▶ _REQUIRED WORK_:
All the lines below need retyping exactly, apart from the images.

▶ _GIVEN MATERIAL_:
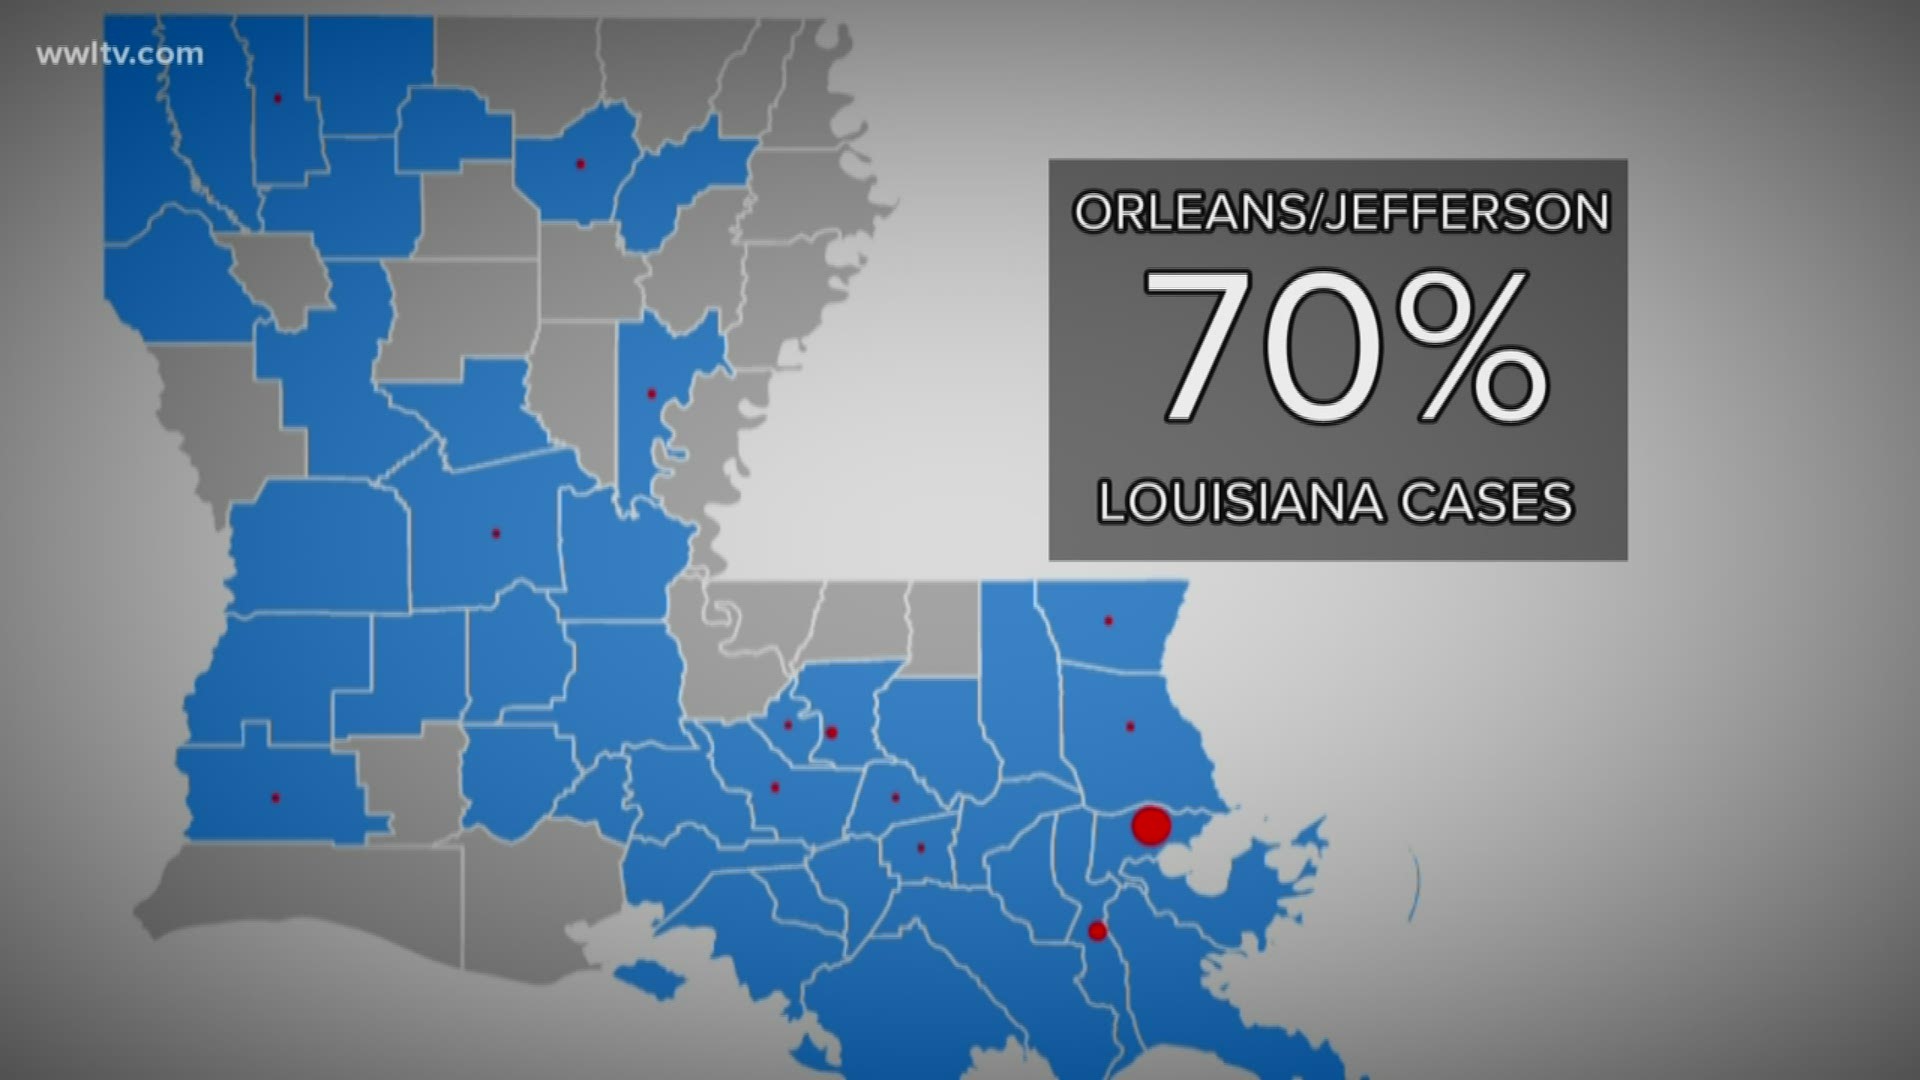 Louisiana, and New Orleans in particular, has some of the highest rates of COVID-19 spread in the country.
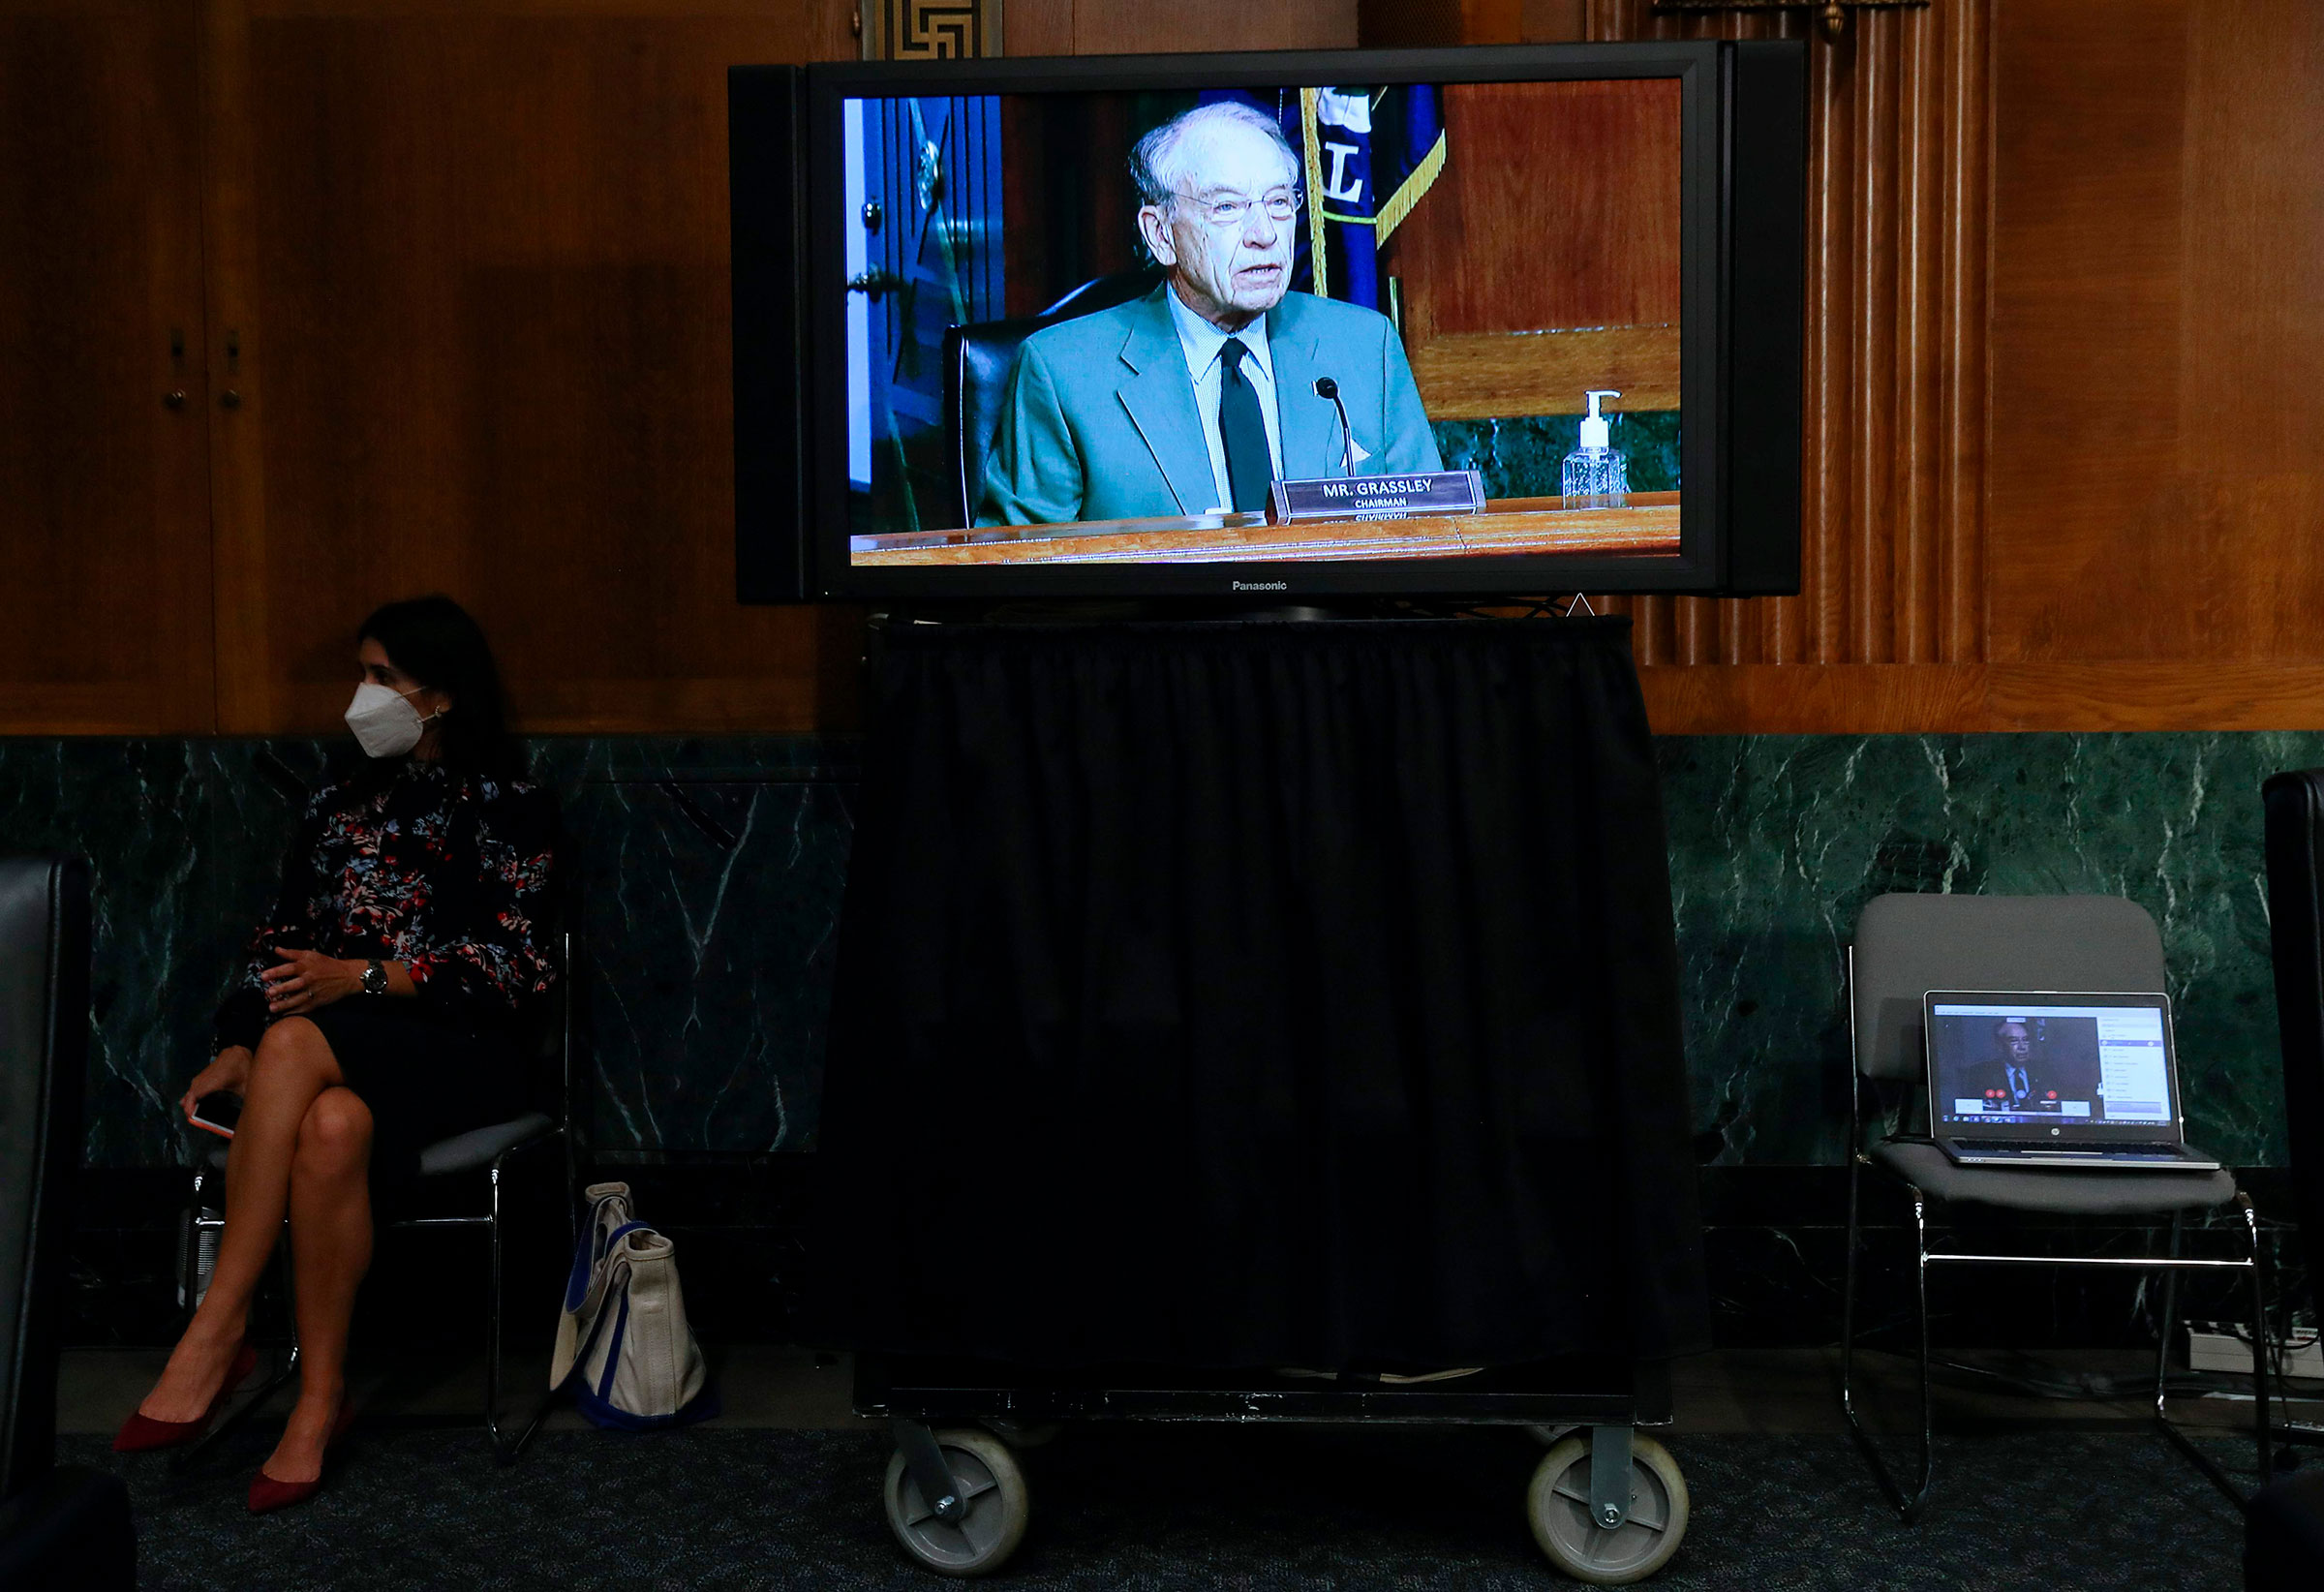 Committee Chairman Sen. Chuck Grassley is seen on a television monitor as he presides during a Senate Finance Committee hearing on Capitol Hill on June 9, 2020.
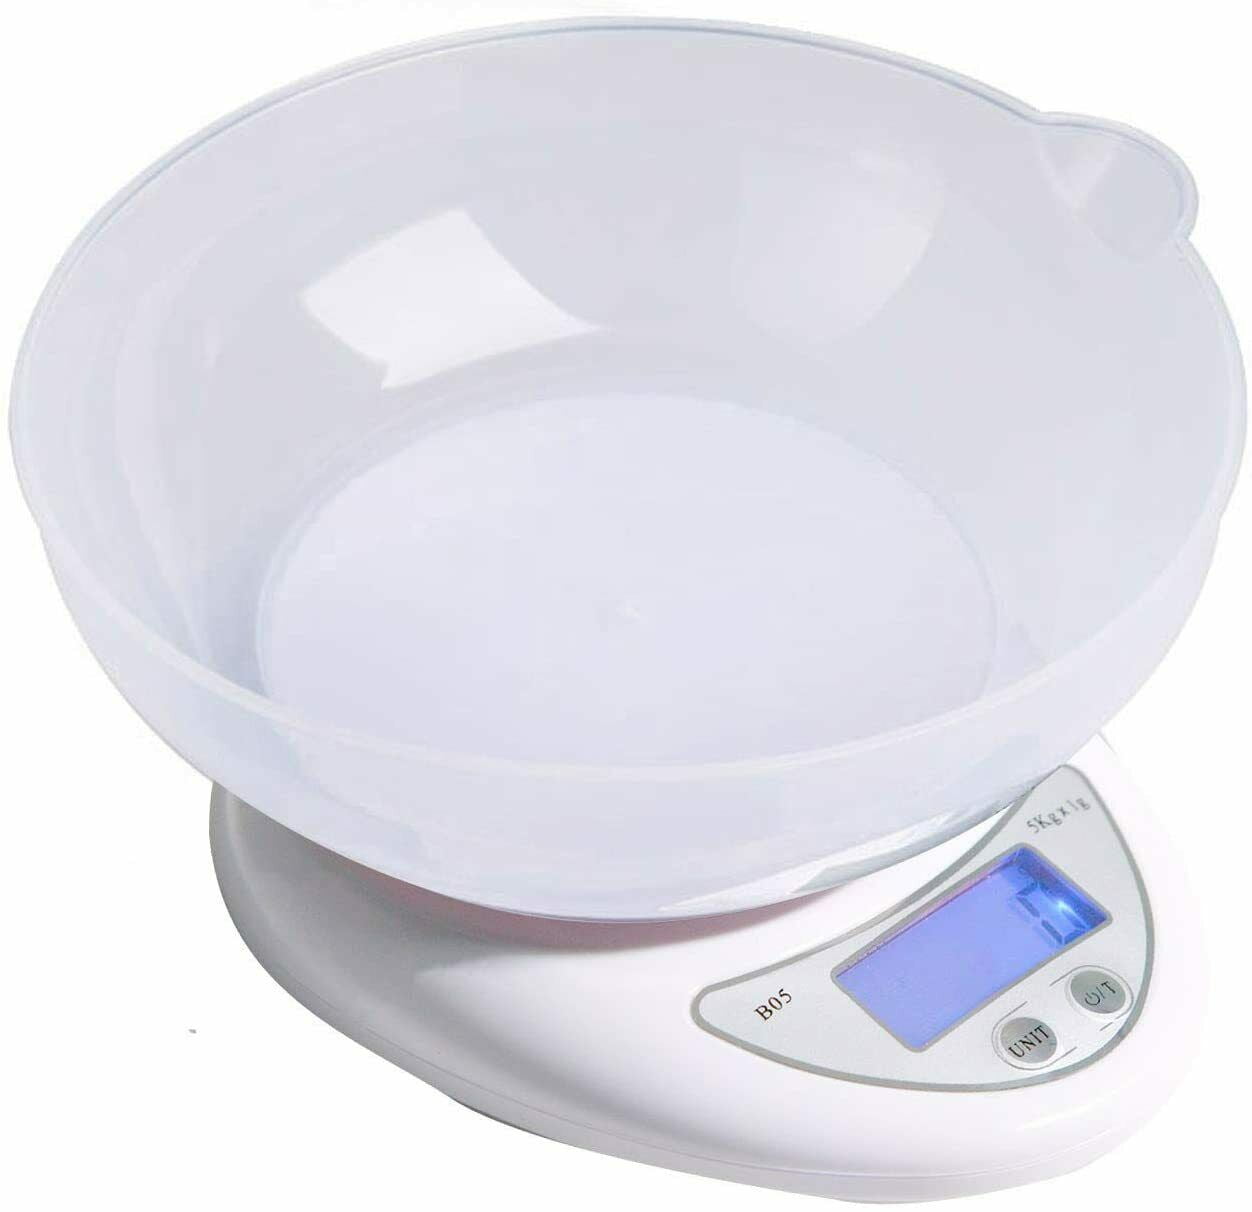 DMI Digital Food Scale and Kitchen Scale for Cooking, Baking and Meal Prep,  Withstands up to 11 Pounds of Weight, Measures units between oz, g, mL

▶ _TASK ANSWER_:
 Louisiana, and New Orleans in particular, has some of the highest rates of COVID-19 spread in the country.
 Committee Chairman Sen. Chuck Grassley is seen on a television monitor as he presides during a Senate Finance Committee hearing on Capitol Hill on June 9, 2020.
 DMI Digital Food Scale and Kitchen Scale for Cooking, Baking and Meal Prep,  Withstands up to 11 Pounds of Weight, Measures units between oz, g, mL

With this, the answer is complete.